Support Questions

Mark_Petronic · ‎04-26-2016

So, I was installing a new cluster for our development QA testing and failed to adjust the default configuration that Ambari gave me for dfs.datanode.data.dir. It ended up putting in every partition it found. I really only wanted one - /grid/1, which was a dedicated disk partition for HDFS block storage. I discovered this blunder after the complete installation completed. I did not want to just redo the whole install, opting instead to try to manually fix this as a good deep dive learning experience. I got it all worked out, and it was a good learning exercise, but I have one lingering issue that I cannot solve. I am getting 4 Ambari errors (one for each DN) that state:

Detected data dir(s) that became unmounted and are now writing to the root partition: /grid/1/hadoop/hdfs/data .

I figured out that Ambari agents monitor (and remember) which HDFS directories were previously mounted and it checks to see if a mounted disk goes away for some reason and displays an error. That's all fine - I get that. However, my setup seems to be correct yet Ambari is still complaining.

As part of correcting the configuration issue I laid upon myself, I did edit the following file (on each DN) to remove all those previously caches mount points that I did not want and I just left the one I did want. I ended up just stopping HDFS, removing all the /opt/hadoop/hdfs, //tmp/hadoop/hdfs, etc directories, removing the name node metadata directories, reformatting the namenode, and starting up HDFS. The file system is up an working.

But, can anyone tell me why I cannot get rid of this Ambari error?

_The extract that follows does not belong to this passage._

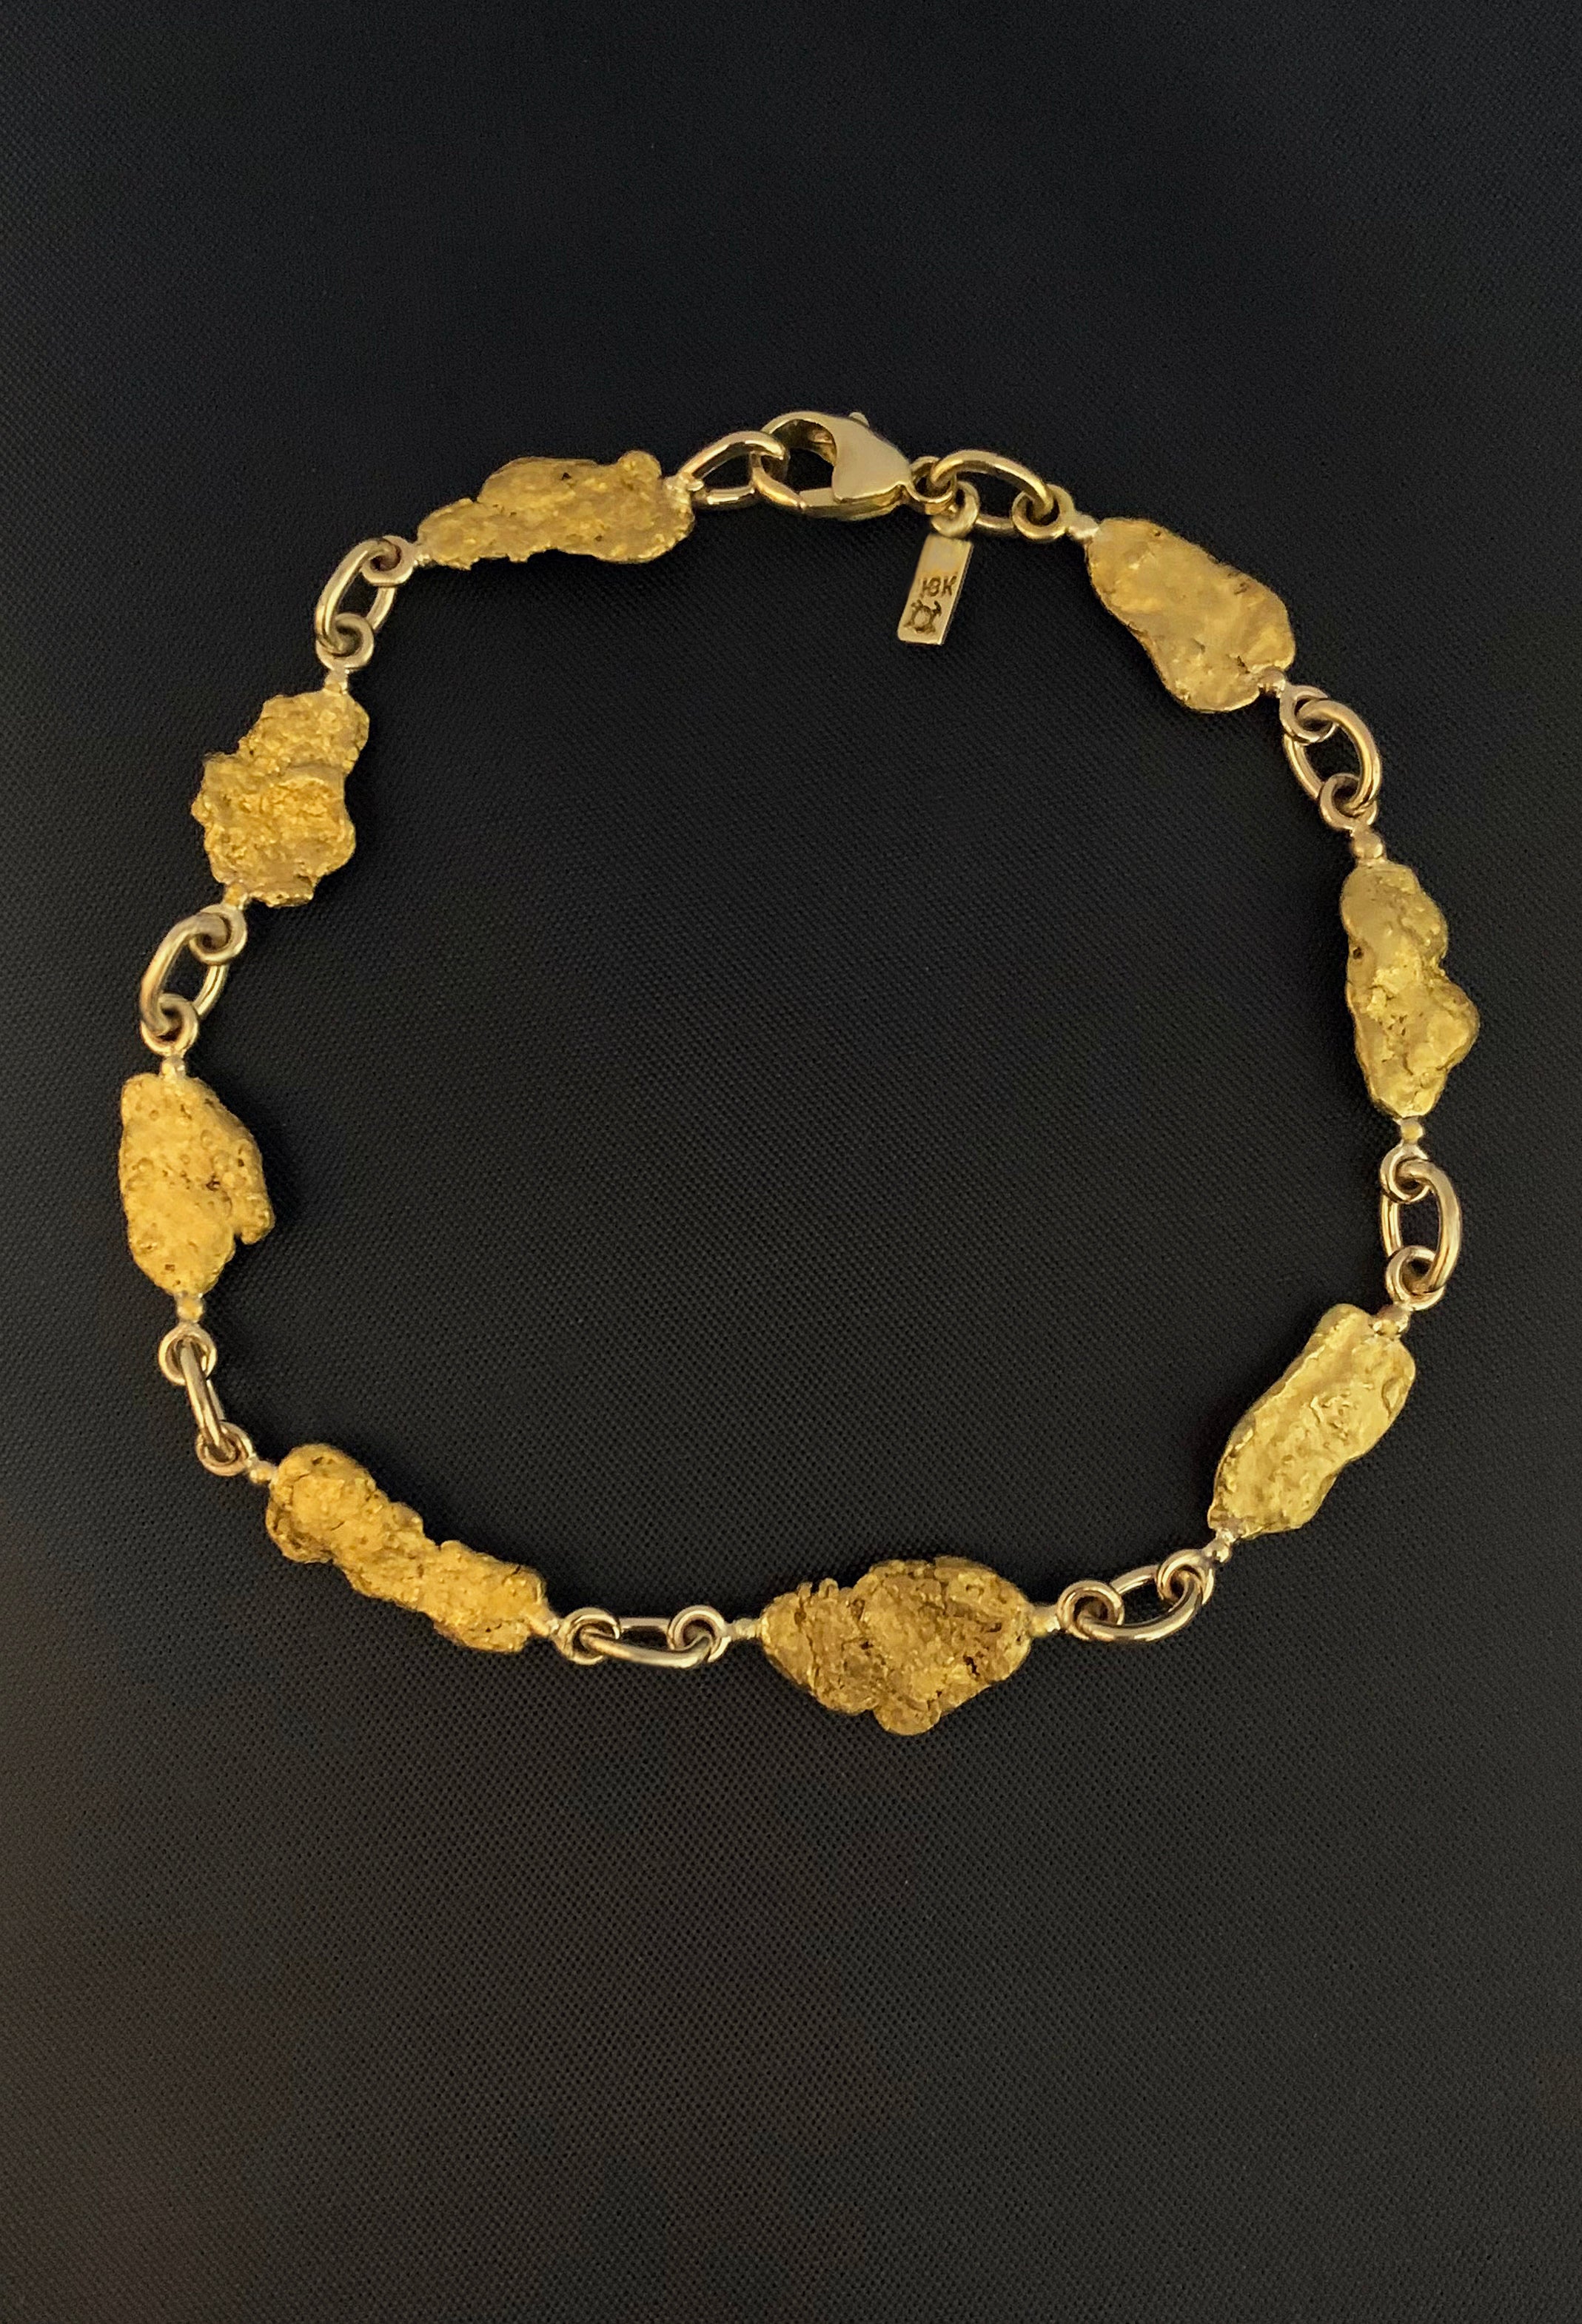 Placer Gold Design - Natural Gold Nugget Bracelet

Here's the contents of one of dfs_data_dir_mount.hist files. All 4 are exactly the same. Below showa the mount where I have a disk for HDFS data storage. It all looks good. I must be missing something obvious. I did restart everything - nothing clears this error.

Thanks in advance...

[root@vmwqsrqadn01 ~]# cat /var/lib/ambari-agent/data/datanode/dfs_data_dir_mount.hist
# This file keeps track of the last known mount-point for each DFS data dir.
# It is safe to delete, since it will get regenerated the next time that the DataNode starts.
# However, it is not advised to delete this file since Ambari may
# re-create a DFS data dir that used to be mounted on a drive but is now mounted on the root.
# Comments begin with a hash (#) symbol
# data_dir,mount_point
/grid/1/hadoop/hdfs/data,/grid/1

[root@vmwqsrqadn01 ~]# mount -l | grep grid
/dev/sdb1 on /grid/1 type ext4 (rw,noatime,nodiratime,seclabel,data=ordered)

Mark_Petronic · ‎04-26-2016

We'll, I would still love to understand how this worked but, a reboot of the 4 DNs made this error go away. Never would have thunk it! That's pretty strange... Anyway, maybe this will help some other poor soul who hits this same condition. 🙂

View solution in original post

Mark_Petronic · ‎04-26-2016

We'll, I would still love to understand how this worked but, a reboot of the 4 DNs made this error go away. Never would have thunk it! That's pretty strange... Anyway, maybe this will help some other poor soul who hits this same condition. 🙂

pminovic · ‎04-26-2016

Not sure, but I guess restarting ambari-agent's did it.

Mark_Petronic · ‎04-27-2016

Actually, I tried restarting them before the reboot. Restarted everything. Still had the errors. Then did the reboot and they cleared. Oh well, is what it is!

jarnold · ‎05-26-2017

I ran into this same issue, but unlike the original poster, restarting the Ambari agents on the data nodes was sufficient to clear the alarm.

jarnold · ‎05-26-2017

And that said, I actually restarted Ambari as well - so I can't say for certain that the agent restart was sufficient; it may well have been the agents plus Ambari which did the trick.